Last article I wrote was an introduction into the potential benefits of strategic partnerships in business. Partnerships, if selected, structured and managed well, can provide a company with the necessary tools to expand its market or capabilities without actually needing to physically build up or develop those tools; you just leverage your partner’s complementary capabilities to accelerate and reach your targets.

For small and medium sized companies without prior partnership experience however, creating a partnership can actually be a big and uncertain step.

Hong Kong is a comparatively small economic entity compared to many other regions. Although it has a highly developed market, high GDP/capita, thriving stock exchange and burgeoning retail and real estate sectors due to the influx of 40 million Mainland visitors kindly spending fortunes here, it on the other hand resembles an island, which has natural boundaries preventing it from having the easy flow of people, traffic and goods as is common for my home country Holland. 

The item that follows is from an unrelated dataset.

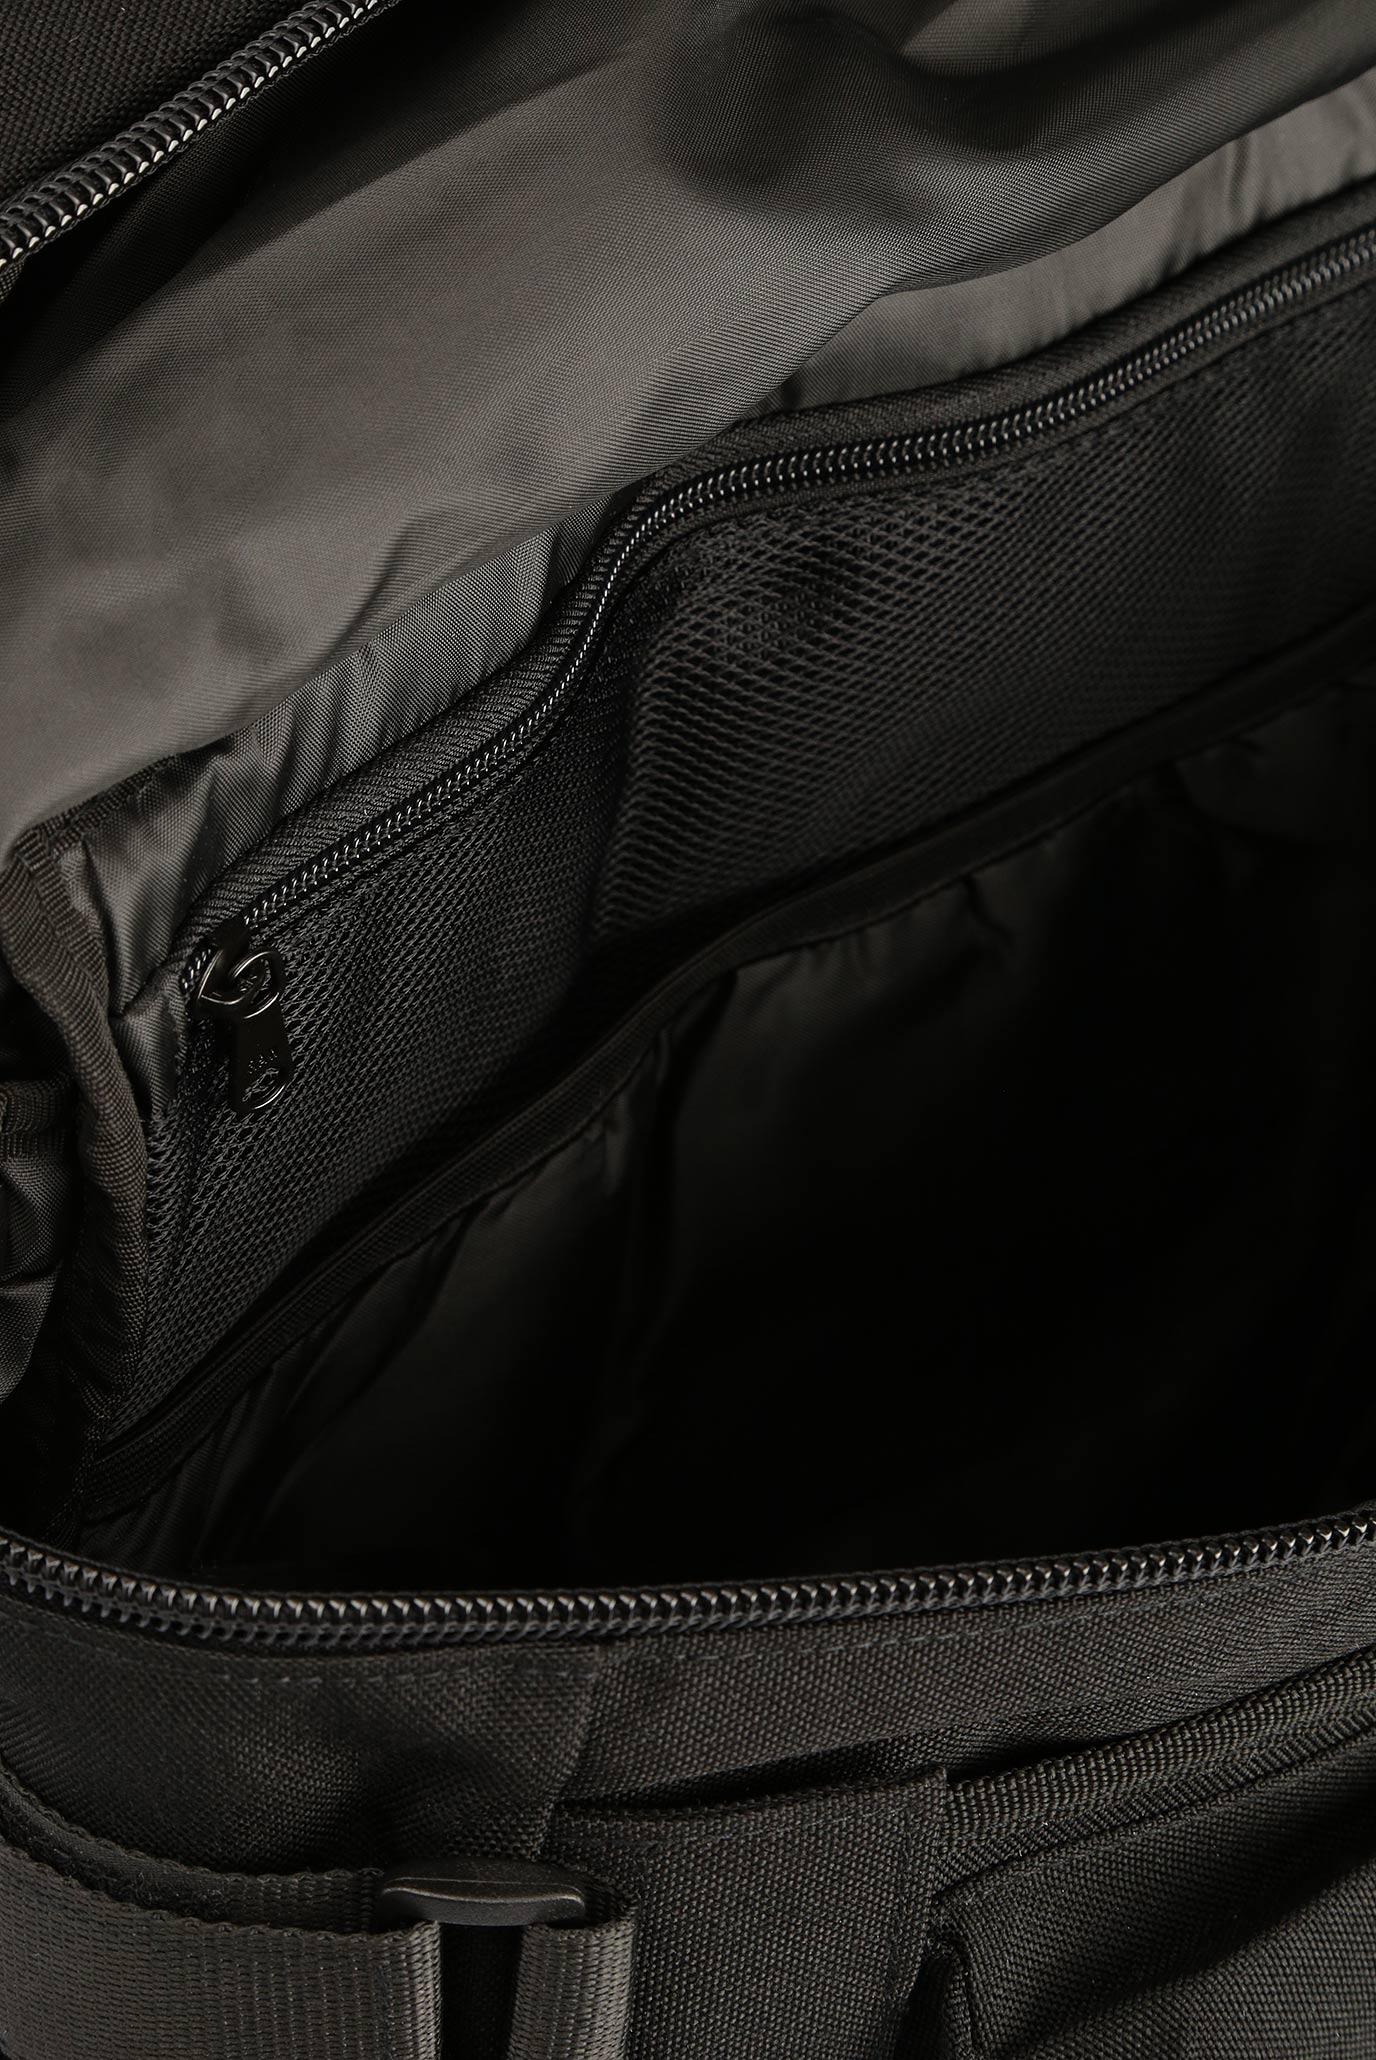 Купить Мужской черный рюкзак G-Star RAW G-Star RAW D07910,9606 – Киев, Украина. Цены в интернет магазине MD Fashion

Companies with a large home market (USA, Germany, China) have a long way to go before they can be a leader in their home market. But once they reach the summit, they are automatically of such a scale that they are instantly also international leaders in terms of market and turnover.

Hong Kong companies have the disadvantage of a small home market. If they tailor their services to the home market, they can only reach a limited scale. However, due to the scale, it is comparatively easy to become a market leader, and the exposure you can achieve with that is big, as Hong Kong is a closely watched international marketplace.

If companies realise this, and in the meantime develop an international strategy and operation next to their localised HK cash cow, they will be well positioned to grow steadily beyond Hong Kong’s borders, in markets such as China, the US and the EU.

This way, the disadvantage of having a small home market with limited opportunity to grow big, turns into an advantage, as you have ‘easy’ opportunity to make a mark and are forced to think and operate in an international way, while still being relatively small, making it easy to change directions and improve to reach the waters filled with the most fish.

Those large competitors with their big home markets have become used to competing in an environment with which they are familiar, have become complacent in adapting to changes and will have a huge task when they want to carry their trade across borders into new territories.

Concluding, I get back to the topic of strategic partnerships. By the time you have reached a certain level of success in the local market in Hong Kong and are ready for international expansion, strategic partnerships are an attractive solution to make the first steps in internationalisation without having to put in too much investment and efforts.

Important steps to think of are choosing your partner well (perhaps one of the impressively big competitors that could benefit from selling your product or service complimentary to theirs), structuring the partnership and making a clear agreement about split of revenues and how to deal with brand & IP exclusivity. I wish all of you good business in the year of the horse!